**YOUR INSTRUCTIONS**. Repeat exactly, and only, the lines below starting at the line that contains "Massai, Maasai, Masai" and ending at the line that contains "Madrid Moondance soap by Sandia Soap Company", inclusive of both.

**RECORDED INFORMATION**.
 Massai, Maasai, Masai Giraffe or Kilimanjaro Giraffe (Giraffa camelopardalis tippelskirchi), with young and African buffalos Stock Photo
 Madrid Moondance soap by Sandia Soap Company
---
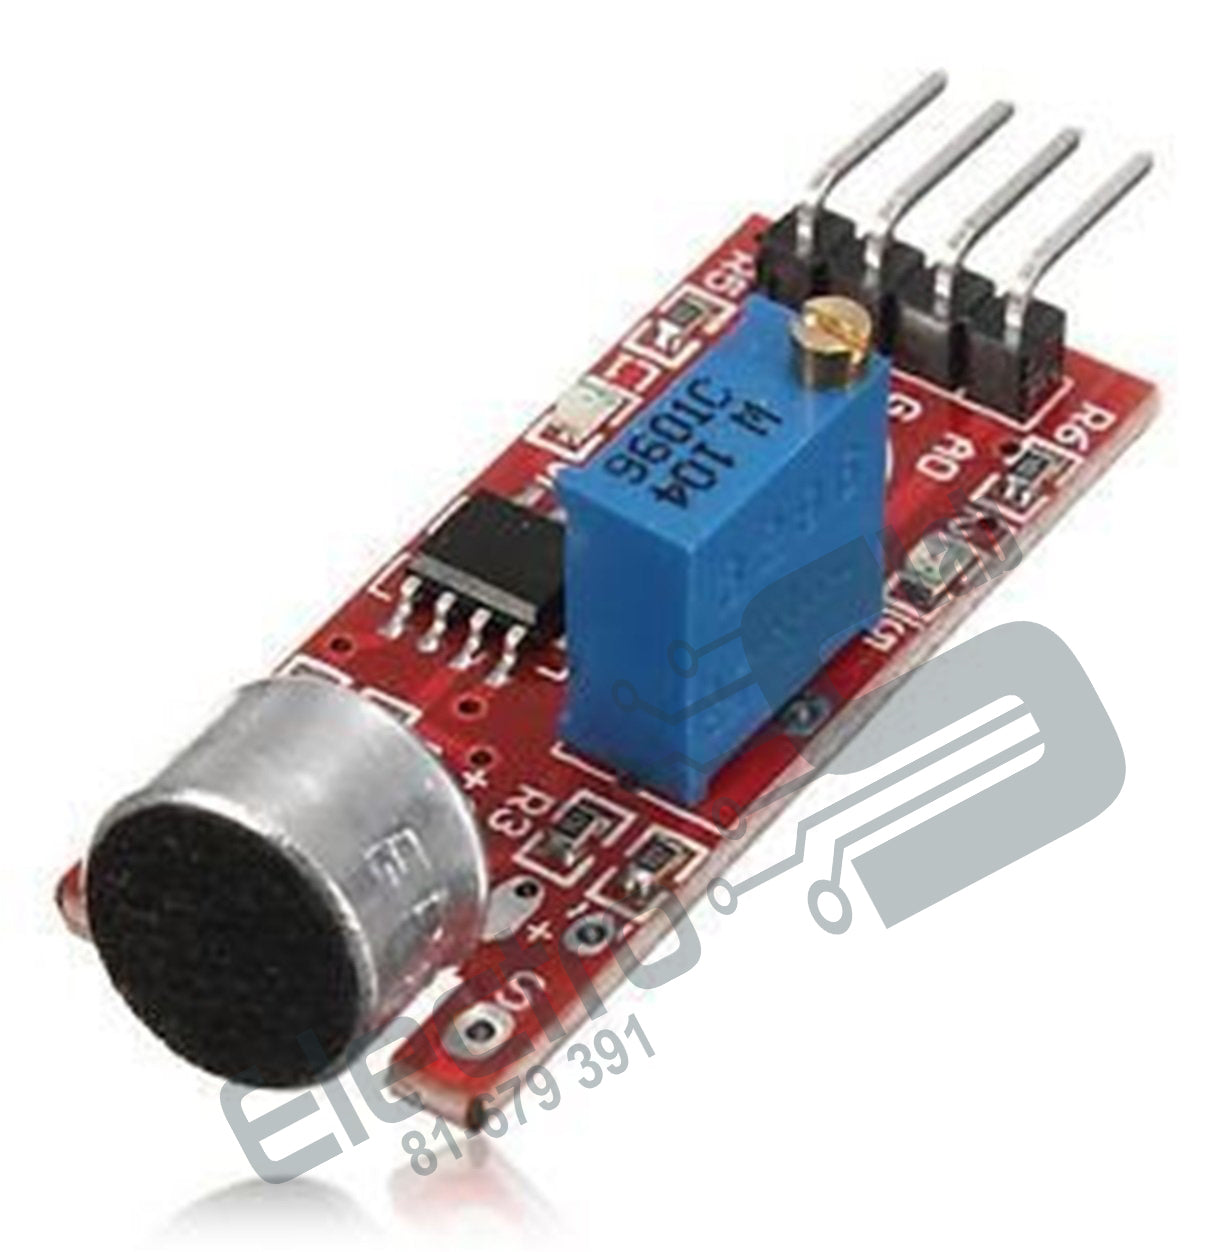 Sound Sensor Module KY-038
...
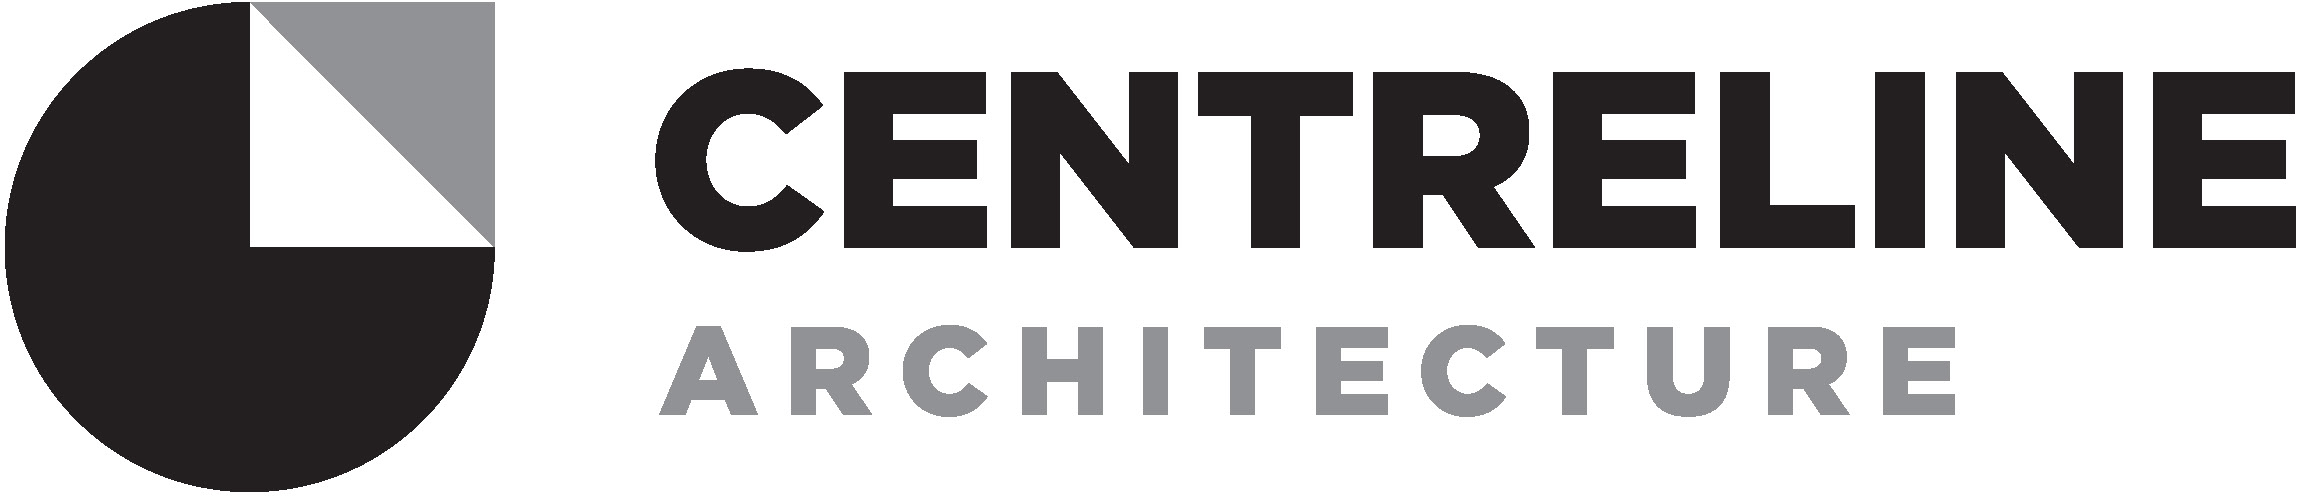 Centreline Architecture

**RESPONSE AREA**.
 Massai, Maasai, Masai Giraffe or Kilimanjaro Giraffe (Giraffa camelopardalis tippelskirchi), with young and African buffalos Stock Photo
 Madrid Moondance soap by Sandia Soap Company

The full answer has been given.